La jeune garde est encadrée par des grognards anciens. Même si la Vieille Garde est considérée essentiellement comme un corps de réserve, le corps d’armée est engagé dans des circonstances bien précises pour emporter la décision ou peser dans une stratégie en venant en apport à d’autres unités engagées face à un ennemi supérieur en nombre. D’où sa devise : « On l’engage pour vaincre ».
Initialement garde consulaire, puis garde impériale, le régiment s’illustre à Austerlitz (2 décembre 1805) où il prend une part importante dans l’attaque du plateau de Pratzen, et à Friedland (14 juin 1807).
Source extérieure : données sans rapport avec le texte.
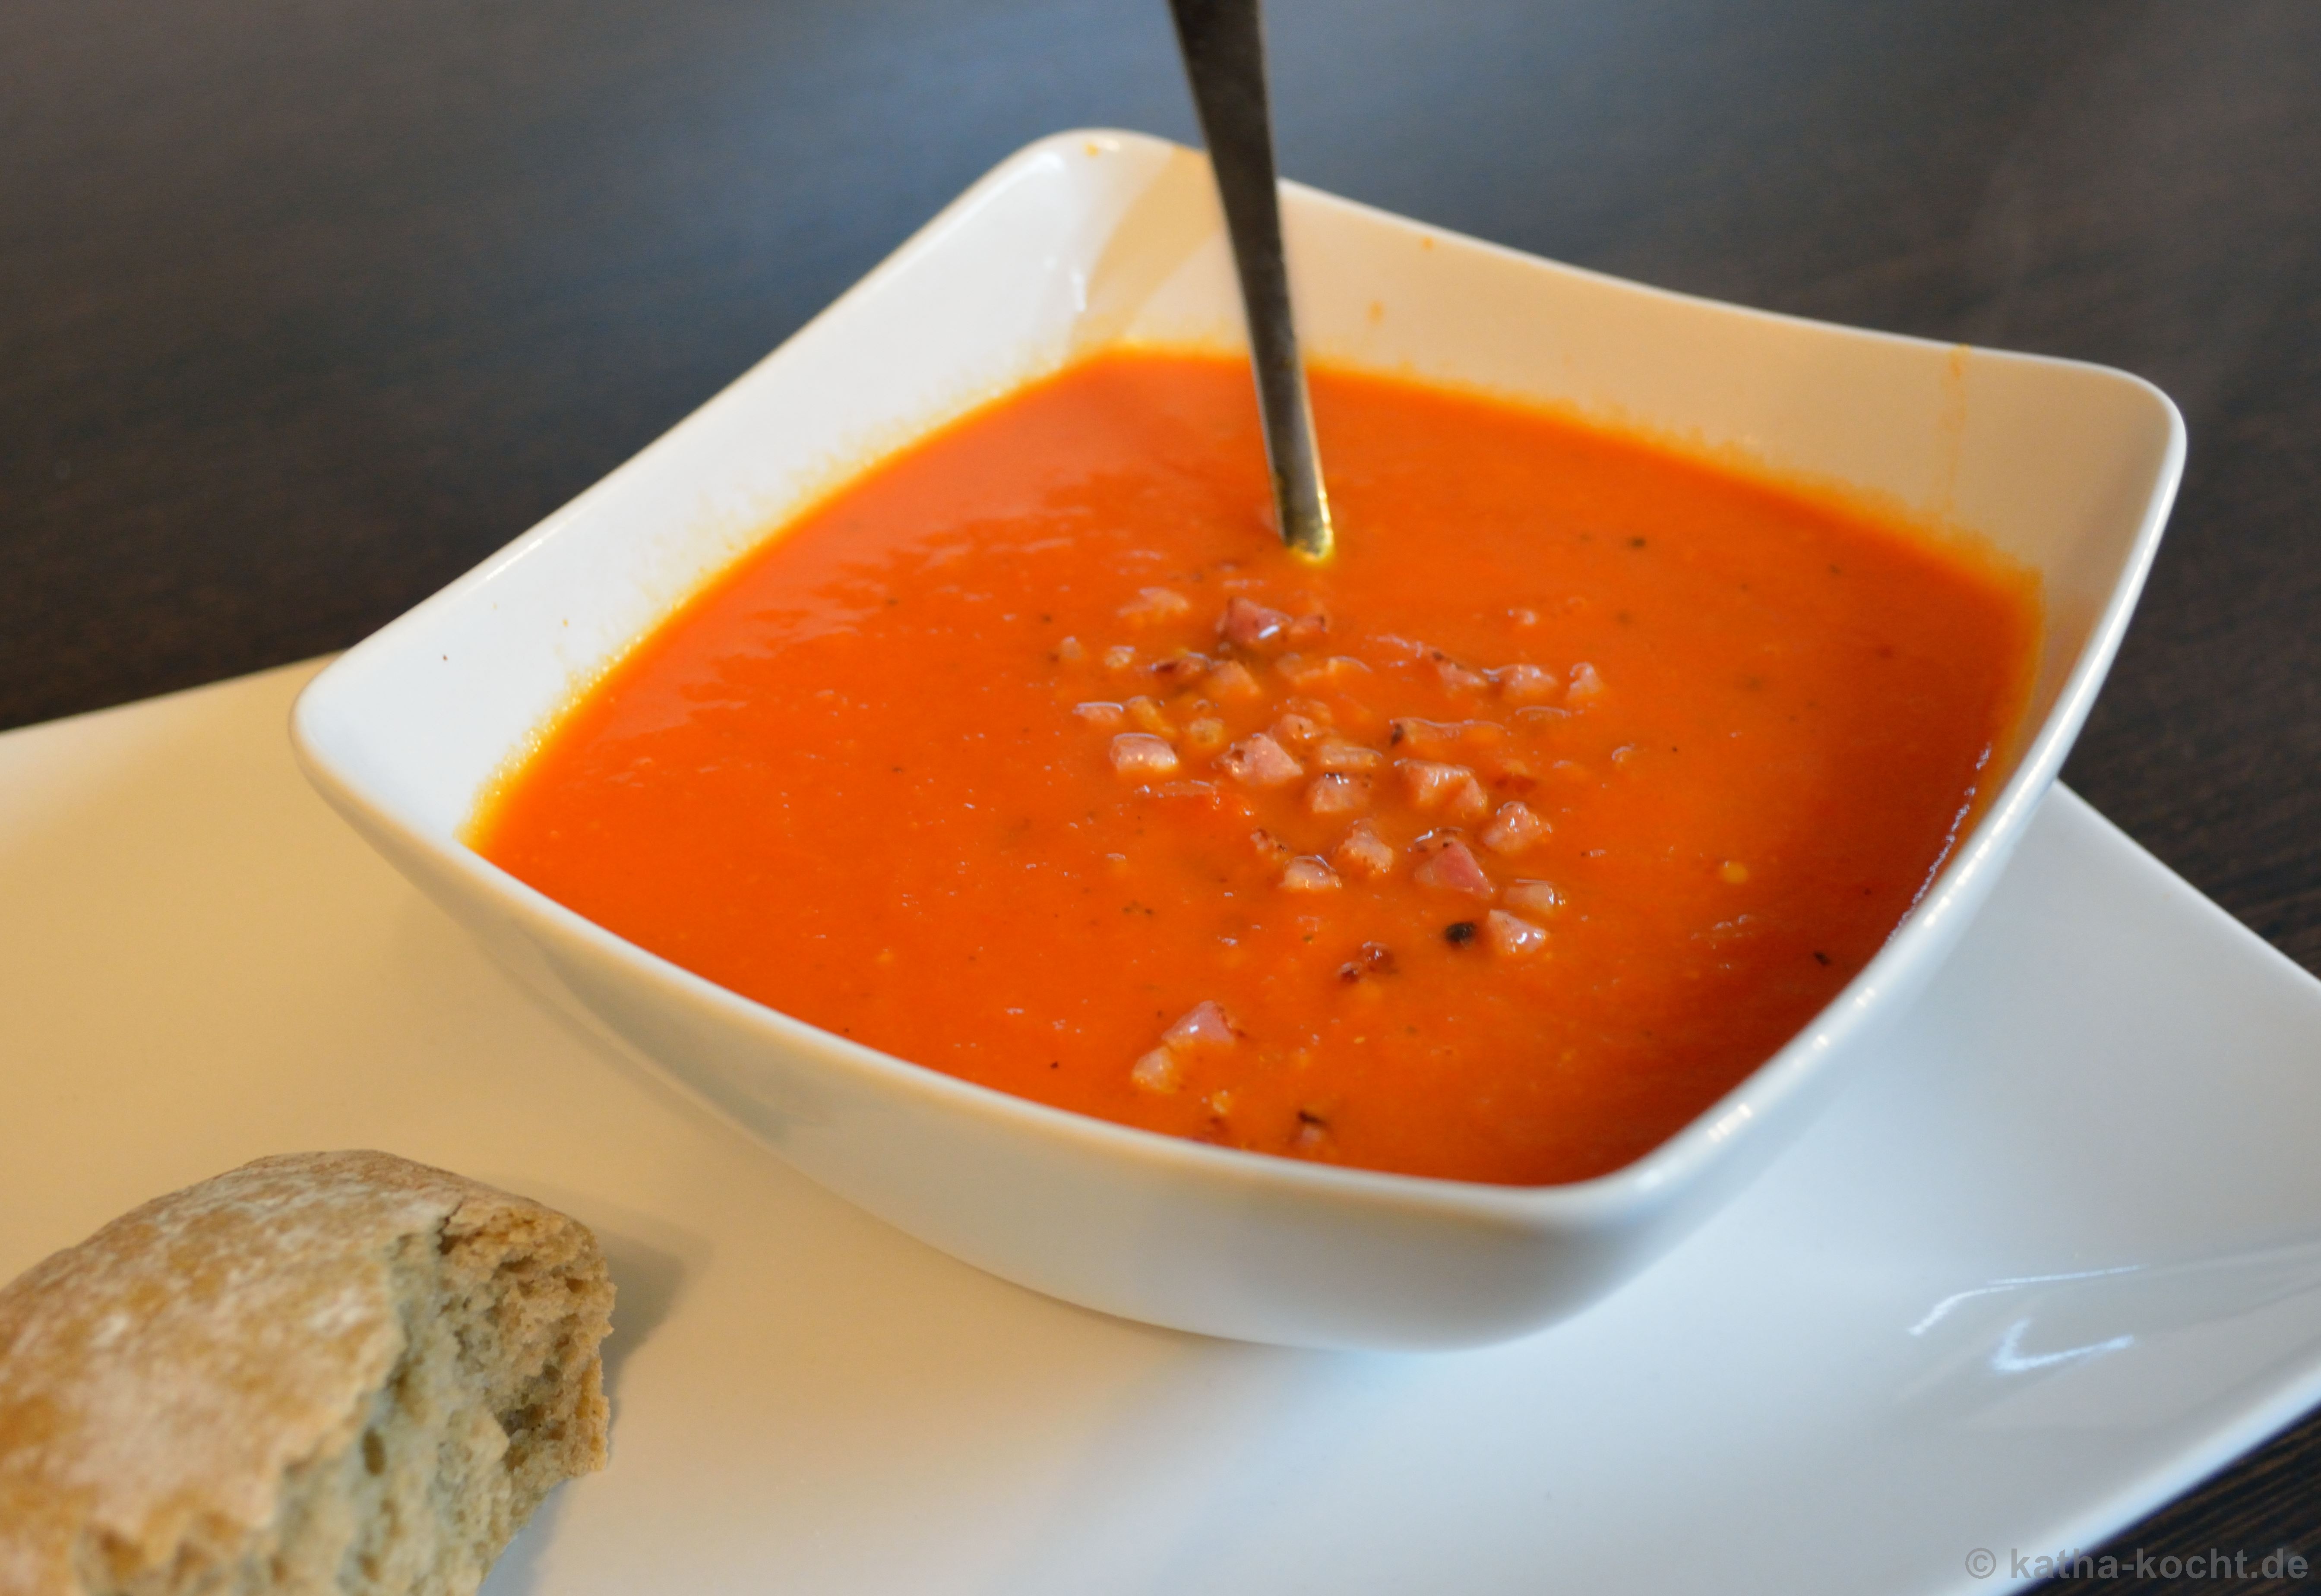 Tomaten-Sherry Suppe mit Speck - Katha-kocht!
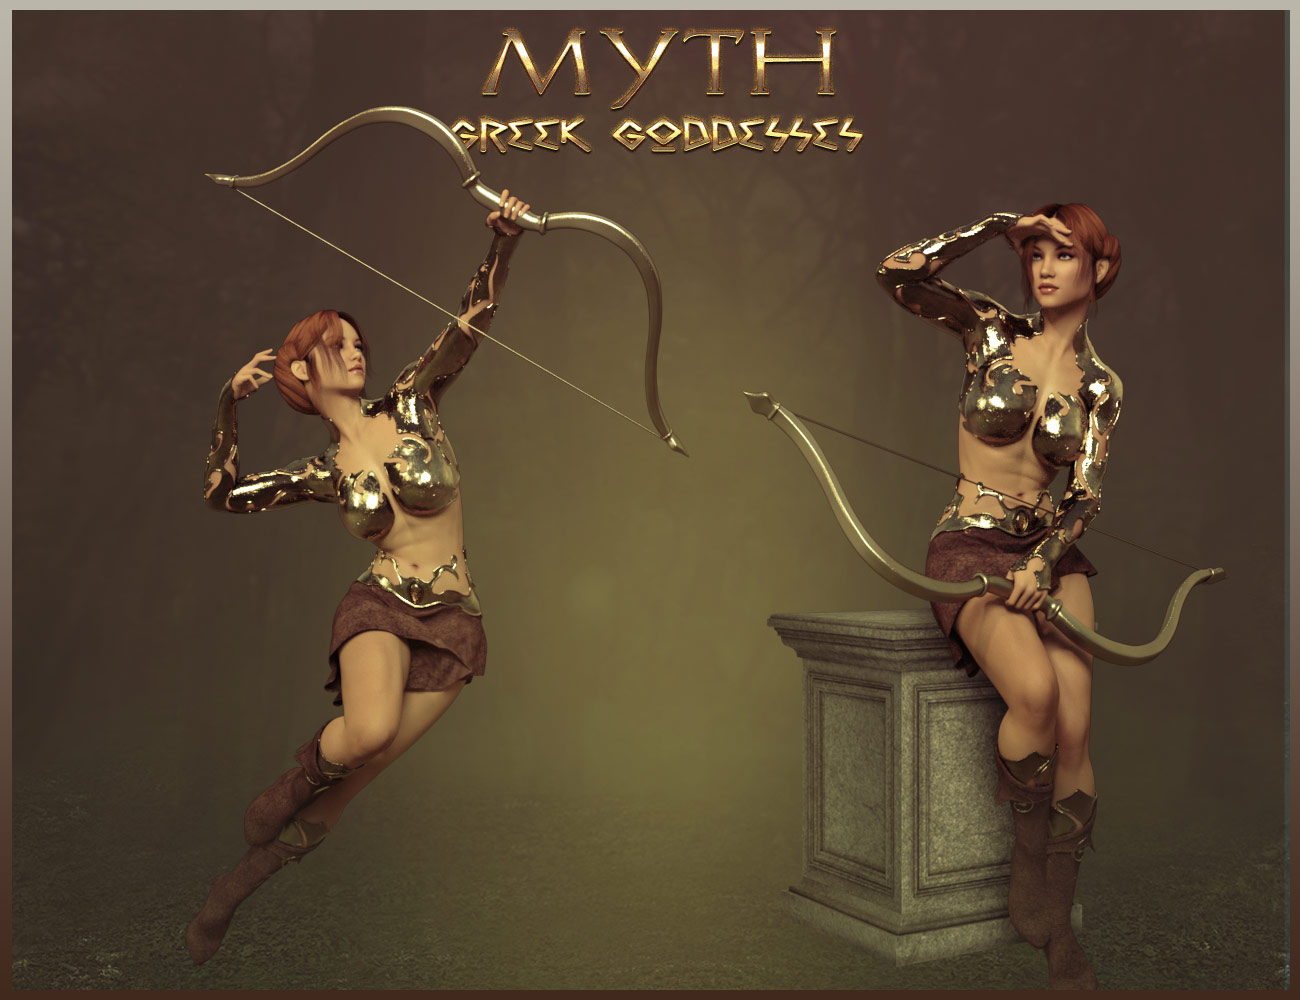 MYTH - Greek Goddesses Poses by: ilona, 3D Models by Daz 3D

En 1809, son bataillon d’élite formé par regroupement des compagnies de grenadiers et de voltigeurs prélevées dans tous les bataillons participe aux combats victorieux de Wagram (5-6 juillet 1809) dans l’attaque décisive. Mais c’est principalement dans la difficile campagne d’Espagne que ses effectifs sont durablement engagés, ce qui l’amène à défendre le front des Pyrénées face à la coalition anglo-espagnole lors du retrait de la péninsule ibérique. En avril 1814, grâce à sa défense hardie et désespérée de la citadelle de Bayonne, cette garnison stratégique et son port restent aux mains des Français au moment de l’abdication de l’Empereur. Reconstituée en 1815, la garde impériale se disloque au lendemain de Waterloo après avoir fait preuve, au cours de cette dernière bataille de l’Empire, d’une bravoure pathétique exprimée dans la phrase immortelle de son chef, le général Cambronne : « La Garde meurt, mais ne se rend pas ». De fait, cette dernière est démantelée au soir du 18 juin 1815.
Sous la Restauration, le 94 RI cesse d’exister. Le 16 juillet 1815, comme l’ensemble de l’armée napoléonienne, il est licencié à la Seconde Restauration et le numéro 94 disparait jusqu’en 1854. Partiellement recréé, il participe néanmoins sous le nom de « 19e Léger » à la bataille d’Anvers (1832) lors de la campagne de Belgique, ce qui lui vaut une inscription sur son drapeau (le 94e RI a la particularité, comme tous les régiments d’infanterie portant, à cette époque, un numéro entre le 76e et le 99e, d’être l’héritier des traditions de deux régiments : le 94e régiment d’infanterie de ligne, et le 19e régiment d’infanterie légère).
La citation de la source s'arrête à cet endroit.